The core models are defined in [models.py](./models.py):

- `IncidentObservation`
- `IncidentAction`
- `IncidentReward`
- `StepResult`
- `IncidentState`
- `ResetRequest`

Validation rules:
- `incident_id` must match the active ticket
- `task_type` must match the active ticket
- exactly one of `severity`, `root_cause`, or `action` must be populated
- the populated field must match the expected field for the task

## Reward Logic

Rewarding is deterministic and implemented in [graders.py](./graders.py).

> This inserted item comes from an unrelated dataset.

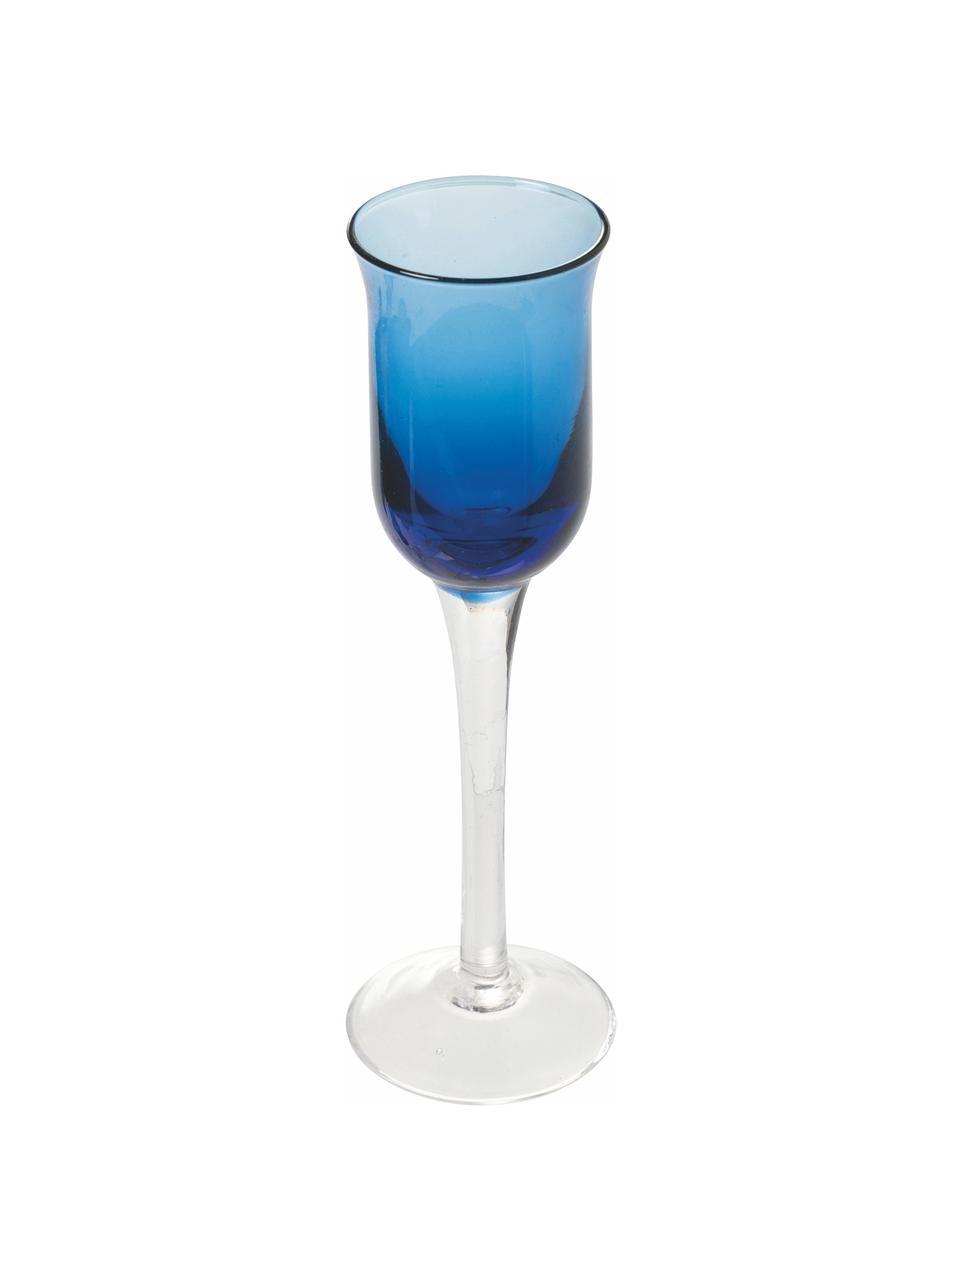 Likörgläser Chupos, 6er-Set, Glas, Blau, Transparent, Ø 5 x H 16 cm

- `task1`: `0.99` exact, `0.5` adjacent severity, `0.01` far miss
- `task2`: `0.99` exact, `0.5` related domain, `0.25` `UNKNOWN`, `0.01` wrong
- `task3`: `0.99` exact, `0.4` safe `INVESTIGATE` fallback, `0.25` related action, `0.01` wrong

This keeps grading reproducible while still giving partial-credit trajectory signal.

## Repository Layout

```text
incident-triage-env/
- app.py
- client.py
- environment.py
- graders.py
- incidents.py
- inference.py
- models.py
- openenv.yaml
- pyproject.toml
- requirements.txt
- Dockerfile
- README.md
- server/
- tests/
```

Runtime flow:
1. `incidents.py` stores the ticket dataset.
2. `environment.py` selects the episode and applies grading.
3. `app.py` exposes the API surface.
4. `inference.py` runs the baseline over the environment.
5. `graders.py` calculates deterministic reward and explanations.

## Local Setup

Install dependencies:

```bash
pip install -r requirements.txt
```

Optional OpenEnv CLI:

```bash
pip install openenv-core
```

Optional environment variables for `inference.py`:

```bash
export API_BASE_URL="https://your-openai-compatible-endpoint/v1"
export MODEL_NAME="your-model-name"
export HF_TOKEN="your-api-key"
export ENV_URL="http://localhost:7860"
```

If no external environment server is reachable, `inference.py` falls back to an in-process FastAPI client.

## Run Locally

Start the server:

```bash
uvicorn app:app --host 0.0.0.0 --port 7860
```

Run the baseline:

```bash
python inference.py
```

Run the smoke tests:

```bash
python -m unittest discover -s tests -v
```

## Docker

Build the image:

```bash
docker build -t incident-triage-env .
```

Run the container:

```bash
docker run --rm -p 7860:7860 incident-triage-env
```

Check health:

```bash
curl http://localhost:7860/health
```

## Baseline Logging

`inference.py` prints the required structured output:

```text
[START] task=INC-001 env=incident-triage-env model=deterministic-baseline
[STEP] step=1 action=SEV1 reward=0.99 done=true error=null
[END] success=true steps=1 score=0.99 rewards=0.99
```

## Baseline Scores

Latest local deterministic baseline:

| Metric | Value |
|---|---:|
| Episodes | 108 |
| Average score | 0.9855 |
| `task1` average | 0.9900 |
| `task2` average | 0.9764 |
| `task3` average | 0.9900 |

This deterministic local run completed in about `1.34s` on the current machine.
Results are written by default to `/tmp/outputs/baseline_scores.json`.

## Quick API Example

Reset:

```bash
curl -X POST http://localhost:7860/reset \
  -H "Content-Type: application/json" \
  -d '{"task_type":"task1","ticket_id":"INC-001"}'
```

Step:

```bash
curl -X POST "http://localhost:7860/step?session_id=<session-id>" \
  -H "Content-Type: application/json" \
  -d '{
    "incident_id": "INC-001",
    "task_type": "task1",
    "severity": "SEV1"
  }'
```

## Pre-Submission Checklist

- `openenv validate . --json` passes
- `openenv validate --url <space-url>` passes
- `POST /reset` returns `200`
- `POST /step` returns typed `reward`, `done`, and `info`
- `GET /state` works for active sessions
- `inference.py` runs from the repo root
- `Dockerfile` serves the app on port `7860`
- `openenv.yaml` matches the current API and dataset counts

## Notes

- `models.py` is the source of truth for valid enum labels.
- `graders.py` is the source of truth for scoring logic.
- Reward values are kept strictly within `(0, 1)` to satisfy Phase 2 validator constraints.
- The environment is intentionally single-step per episode and still exposes typed state for validation and debugging.